The recognition and acceptance afforded to Mendeleev's table came from two decisions he made. The first was to leave gaps in the table when it seemed that the corresponding element had not yet been discovered. Mendeleev was not the first chemist to do so, but he was the first to be recognized as using the trends in his periodic table to predict the properties of those missing elements, such as gallium and germanium. The second decision was to occasionally ignore the order suggested by the atomic weights and switch adjacent elements, such as tellurium and iodine, to better classify them into chemical families.

Mendeleev published in 1869, using atomic weight to organize the elements, information determinable to fair precision in his time. Atomic weight worked well enough to allow Mendeleev to accurately predict the properties of missing elements.

Following the discovery, in 1911, by Ernest Rutherford of the atomic nucleus, it was proposed that the integer count of the nuclear charge is identical to the sequential place of each element in the periodic table. In 1913, Henry Moseley using X-ray spectroscopy confirmed this proposal experimentally. Moseley determined the value of the nuclear charge of each element, and showed that Mendeleev's ordering actually places the elements in sequential order by nuclear charge. Nuclear charge is identical to proton count, and determines the value of the atomic number (Z) of each element. Using atomic number gives a definitive, integer-based sequence for the elements. Moseley predicted, in 1913, that the only elements still missing between aluminium (Z=13) and gold (Z=79) were Z = 43, 61, 72, and 75, all of which were later discovered. The atomic number is the absolute definition of an element, and gives a factual basis for the ordering of the periodic table. The periodic table is used to predict the properties of new synthetic elements before they are produced and studied.

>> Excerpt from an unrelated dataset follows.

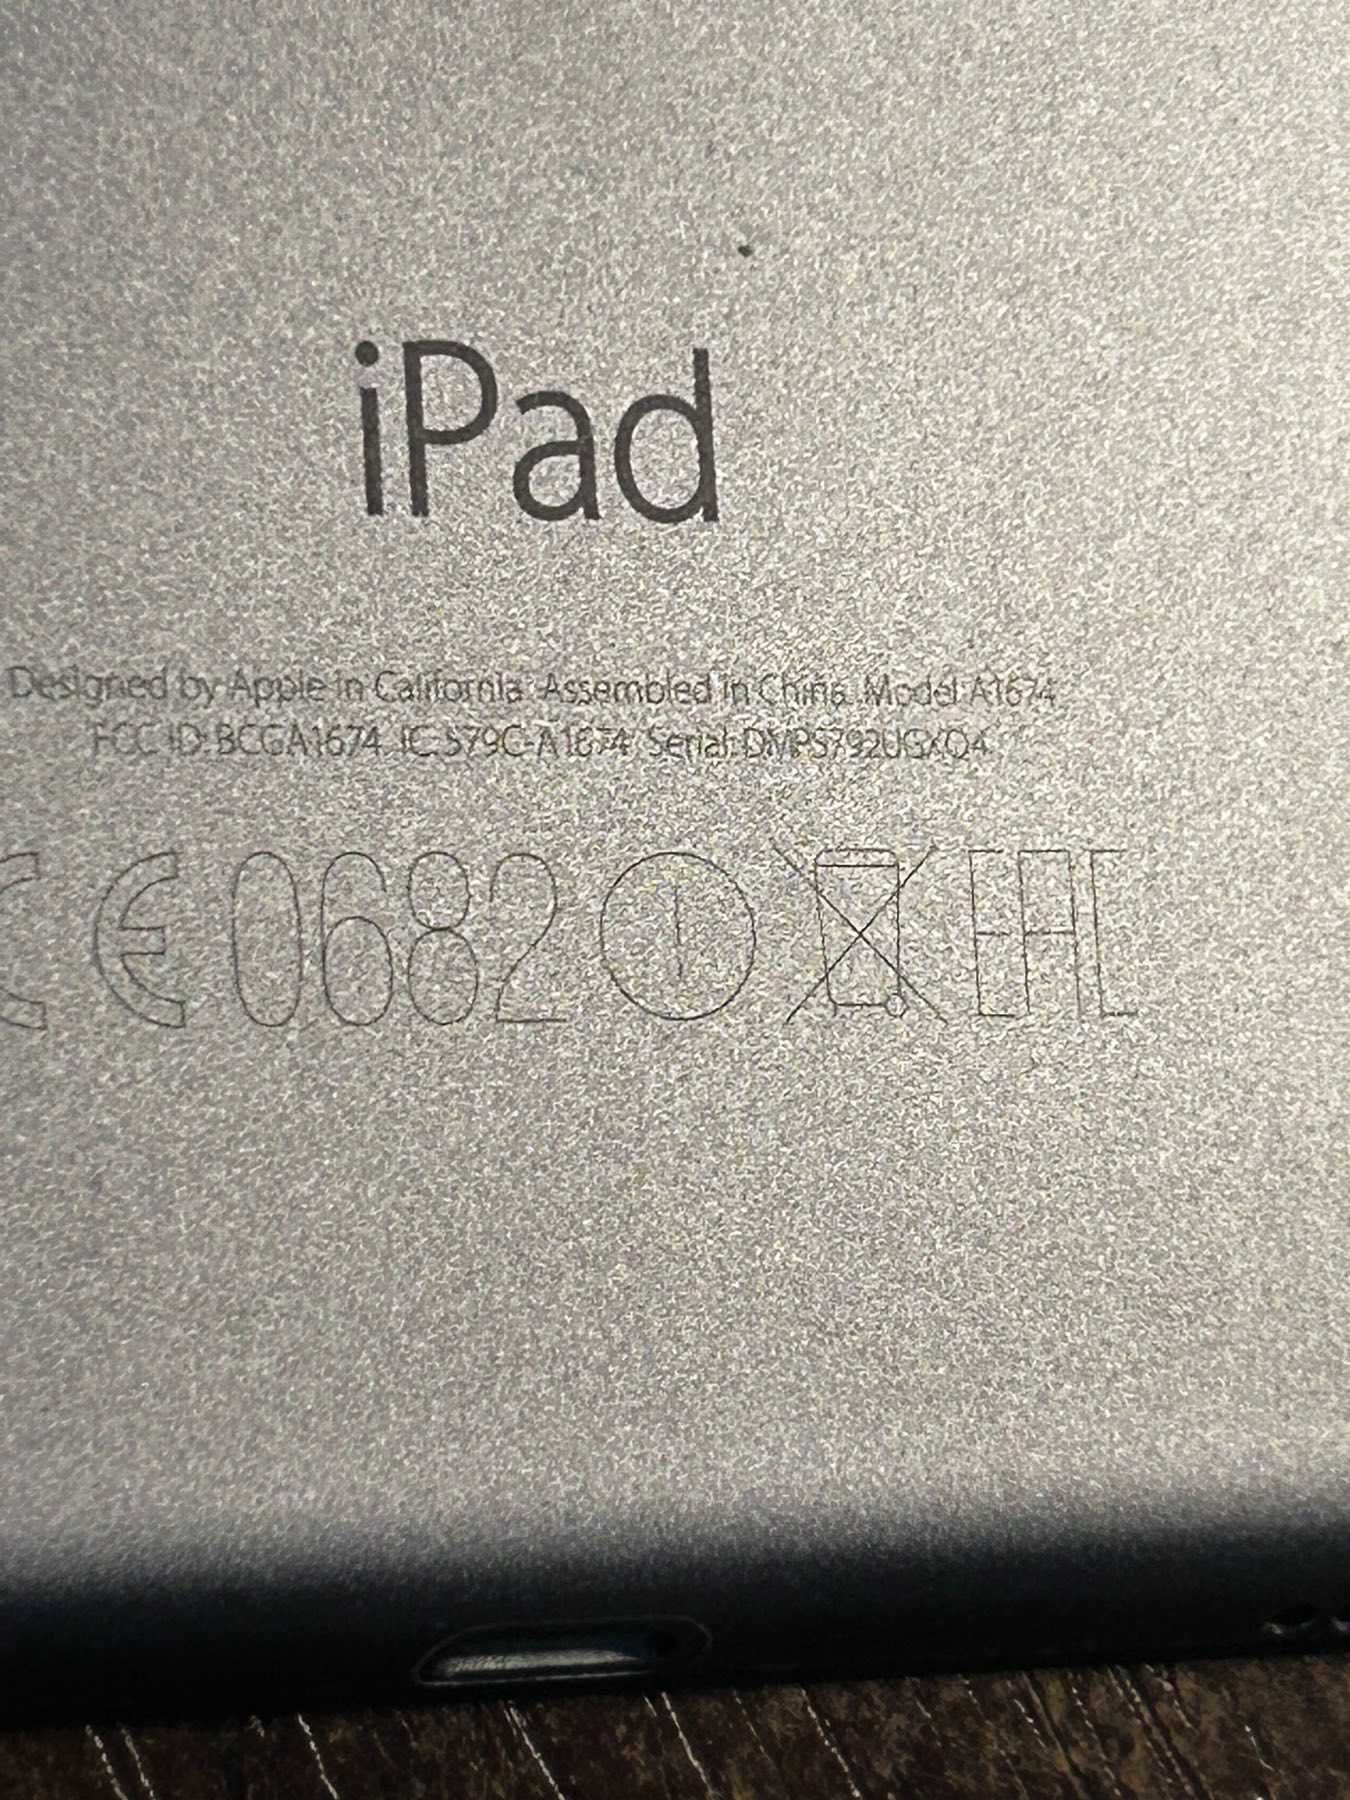 Apple iPad Pro 9,7 память 128Gb А1674 с 3G 4G LTE

Second version and further development

In 1871, Mendeleev published his periodic table in a new form, with groups of similar elements arranged in columns rather than in rows, and those columns numbered I to VIII corresponding with the element's oxidation state. He also gave detailed predictions for the properties of elements he had earlier noted were missing, but should exist. These gaps were subsequently filled as chemists discovered additional naturally occurring elements. It is often stated that the last naturally occurring element to be discovered was francium (referred to by Mendeleev as eka-caesium) in 1939. Plutonium, produced synthetically in 1940, was identified in trace quantities as a naturally occurring element in 1971.

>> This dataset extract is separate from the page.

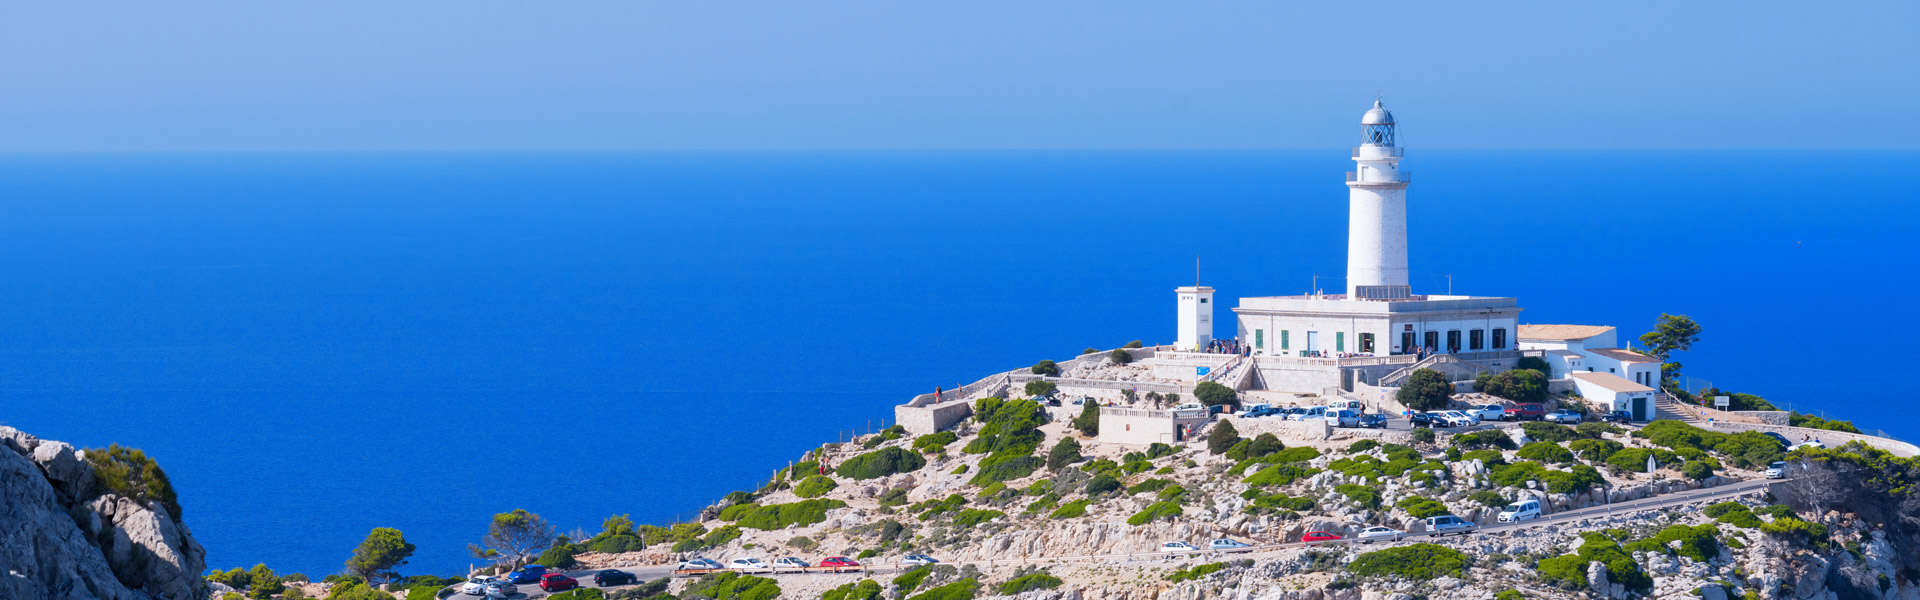 Traumhaft schön und immer einen Ausflug wert: Cap Formentor auf Mallorca mit dem berühmten Leutturm

The popular periodic table layout, also known as the common or standard form (as shown at various other points in this article), is attributable to Horace Groves Deming. In 1923, Deming, an American chemist, published short (Mendeleev style) and medium (18-column) form periodic tables. Merck and Company prepared a handout form of Deming's 18-column medium table, in 1928, which was widely circulated in American schools. By the 1930s Deming's table was appearing in handbooks and encyclopaedias of chemistry. It was also distributed for many years by the Sargent-Welch Scientific Company.

With the development of modern quantum mechanical theories of electron configurations within atoms, it became apparent that each period (row) in the table corresponded to the filling of a quantum shell of electrons. Larger atoms have more electron sub-shells, so later tables have required progressively longer periods.

In 1945, Glenn Seaborg, an American scientist, made the suggestion that the actinide elements, like the lanthanides, were filling an f sub-level. Before this time the actinides were thought to be forming a fourth d-block row. Seaborg's colleagues advised him not to publish such a radical suggestion as it would most likely ruin his career. As Seaborg considered he did not then have a career to bring into disrepute, he published anyway. Seaborg's suggestion was found to be correct and he subsequently went on to win the 1951 Nobel Prize in chemistry for his work in synthesizing actinide elements.

Although minute quantities of some transuranic elements occur naturally, they were all first discovered in laboratories. Their production has expanded the periodic table significantly, the first of these being neptunium, synthesized in 1939. Because many of the transuranic elements are highly unstable and decay quickly, they are challenging to detect and characterize when produced. There have been controversies concerning the acceptance of competing discovery claims for some elements, requiring independent review to determine which party has priority, and hence naming rights. In 2010, a joint Russia-US collaboration at Dubna, Moscow Oblast, Russia, claimed to have synthesized six atoms of tennessine (element 117), making it the most recently claimed discovery. It, along with nihonium (element 113), moscovium (element 115), and oganesson (element 118), are the four most recently named elements, whose names all became official on 28 November 2016.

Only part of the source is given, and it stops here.